The fellowship program, created in 1992, honors Margaret MacVicar, former dean for undergraduate education, who died in 1991 at age 47. The purpose is to recognize and enhance outstanding contributions to undergraduate education at MIT.

"Appointment as a MacVicar Faculty Fellow is to be regarded as a reward for exceptional and creative service, with emphasis on recent and current activities," Provost Moses said in inviting members of the Academic Council and department and section heads to submit nominations. "It should not carry obligations, nor should it be regarded as payment for anticipated service. The program is not intended to fund proposals for new educational ventures."

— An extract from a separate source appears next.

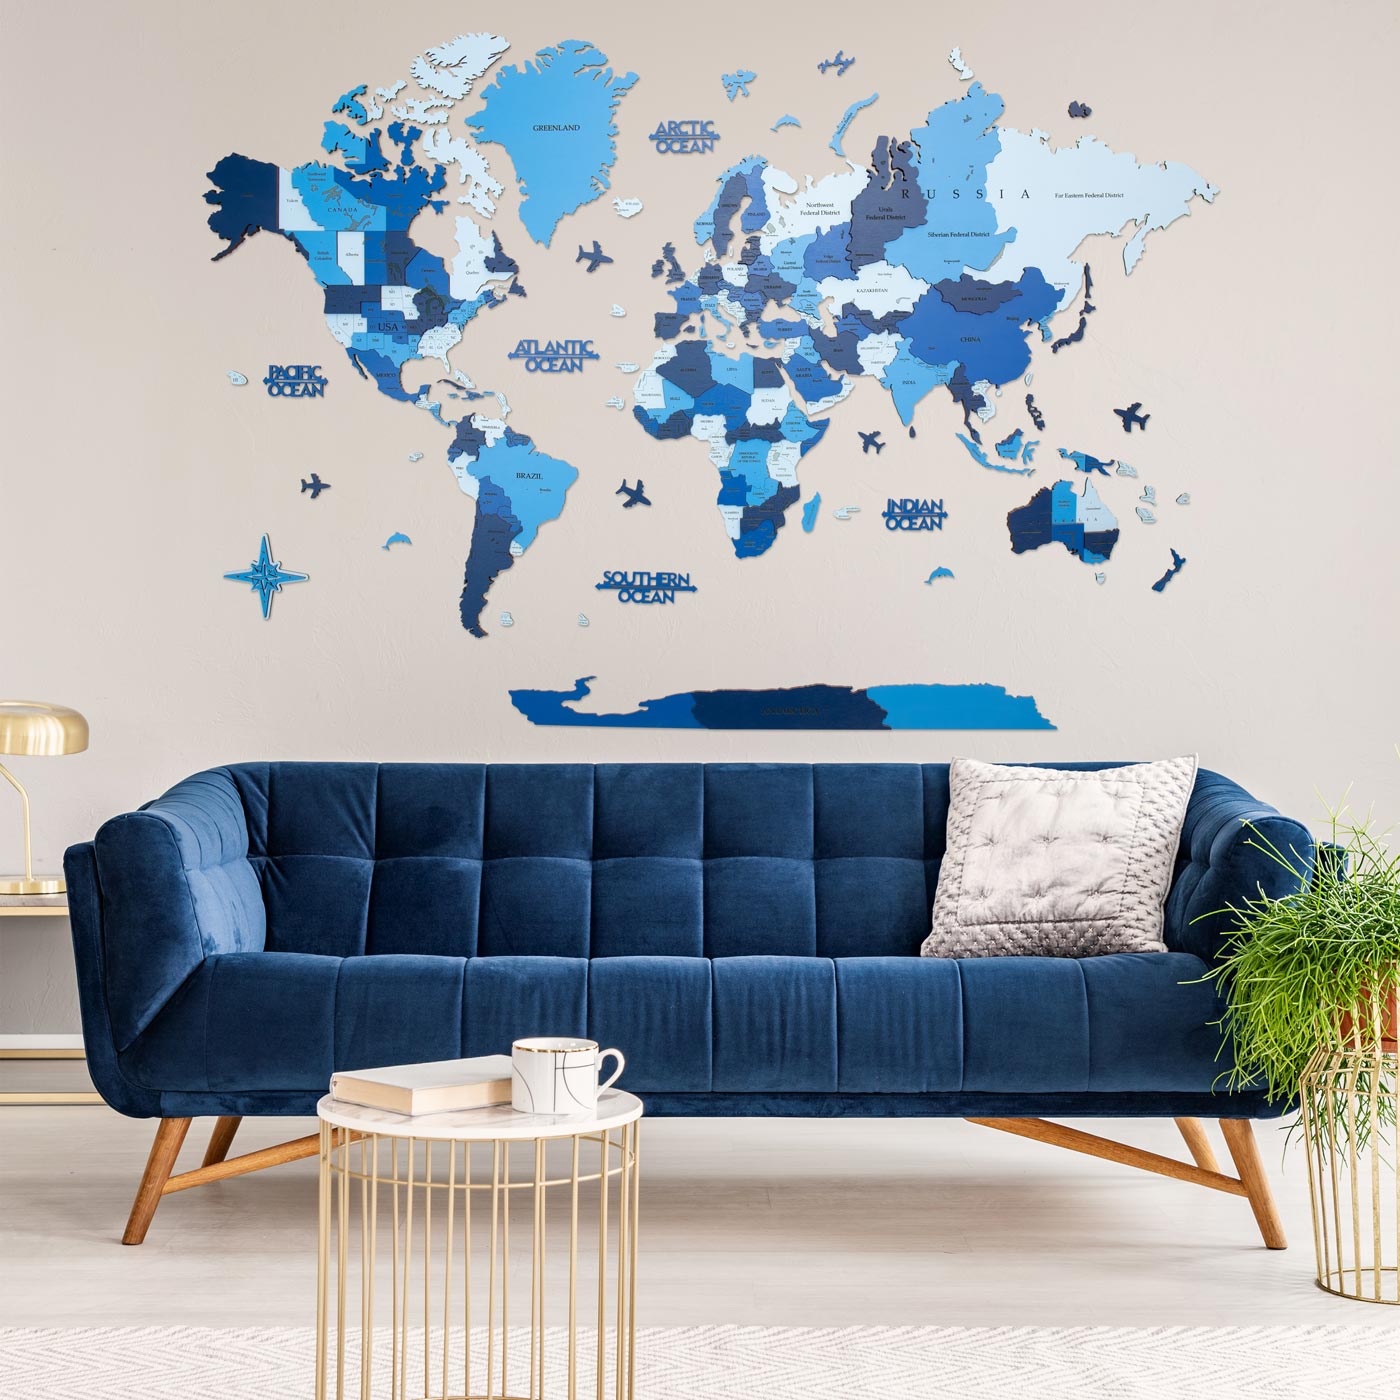 Τρισδιάστατος ξύλινος παγκόσμιος χάρτης. Ξύλινη διακόσμηση τοίχου. Χάρτης με μπλε αποχρώσεις. Ksilart
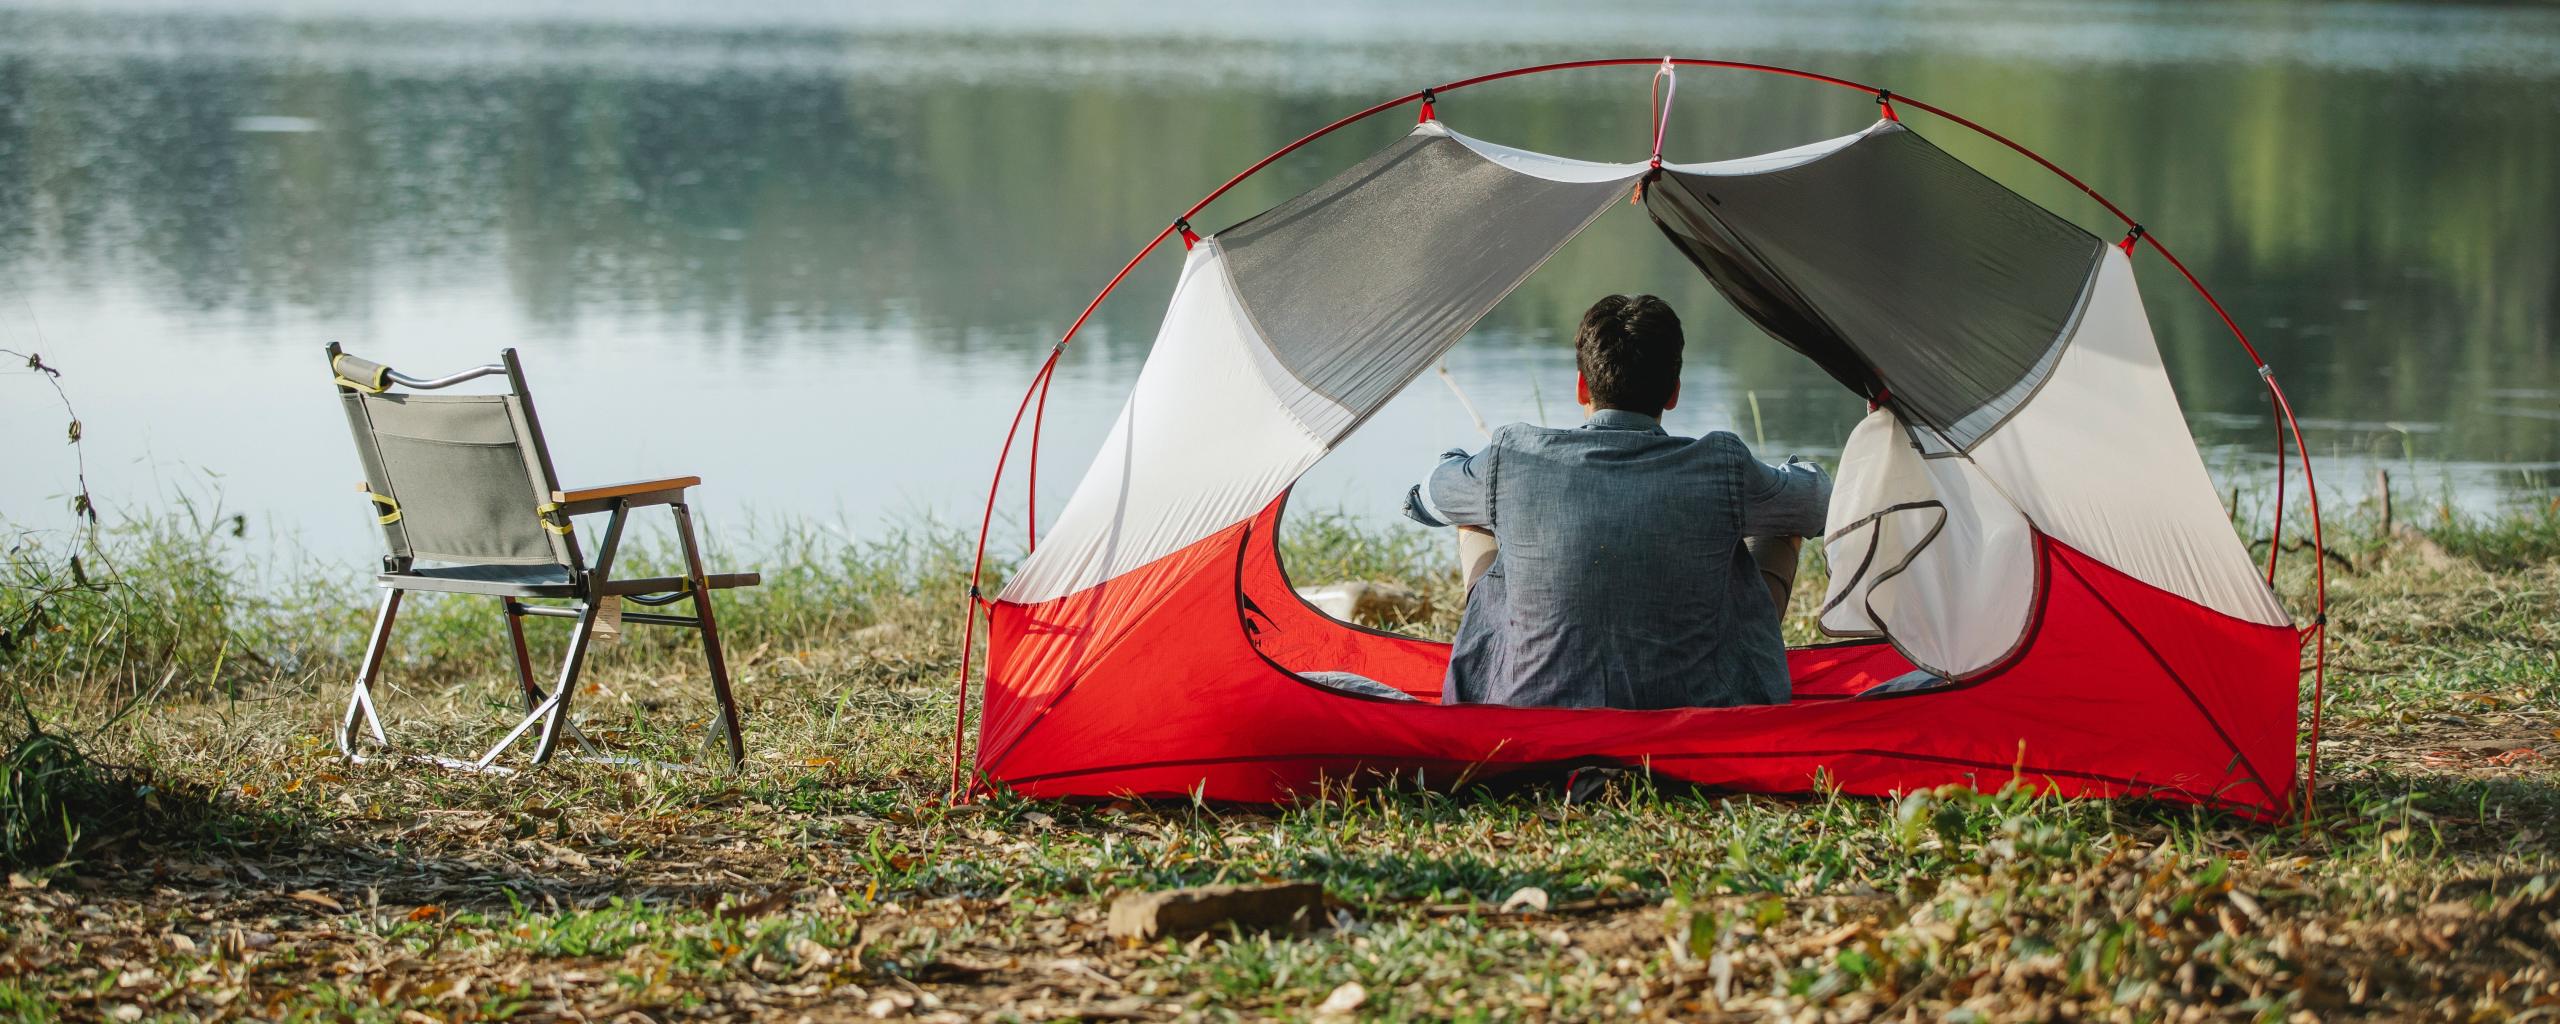 We zien iemand in een kampeertent zitten die uitkijkt over het water. Naast de tent staat een campingstoel.

Dr. Bowen, a graduate of Denison University, received the PhD from Princeton in 1958, after which he joined the faculty in the Department of Economics. He served as provost from 1967-72 before assuming the presidency.

In addition to heading the Mellon Foundation, Dr. Bowen serves on the boards of directors of American Express, Denison University, JSTOR, Merck and Co., and TIAA-CREF. He has written or co-authored 15 books, including Ever the Teacher in 1987.

There are currently 29 MacVicar Fellows. They are: Professors Harold Abelson, electrical engineering and computer science; Thomas J. Allen, Sloan School; Richard P. Binzel, earth, atmospheric and planetary sciences (EAPS); Gene M. Brown, biology; Wit Busza, physics; Edward F. Crawley, aeronautics and astronautics; Rick L. Danheiser, chemistry; John M. Essigmann, chemistry and toxicology; Woodie C. Flowers, mechanical engineering; Thomas J. Greytak, physics; Daniel S. Kemp, chemistry; and Monty Krieger, biology.

Also Paul A. Lagace, aero/astro; Lowell E. Lindgren, music and theater arts; Ole S. Madsen, civil and environmental engineering; Arthur P. Mattuck, mathematics; Alan V. Oppenheim, EECS; Margery Resnick, foreign languages and literatures; Michael F. Rubner, materials science and engineering (MSE); Donald R. Sadoway, MSE; Robert J. Silbey, chemistry; John B. Southard, EAPS; Arthur Steinberg, anthropology and archaeology; Charles H. Stewart III, political science; Irene Tayler, literature; Marcus A. Thompson, music and theater arts; Graham C. Walker, biology; James H. Williams, Jr., mechanical engineering; and August F. Witt, MSE.

A version of this article appeared in MIT Tech Talk on October 29, 1997.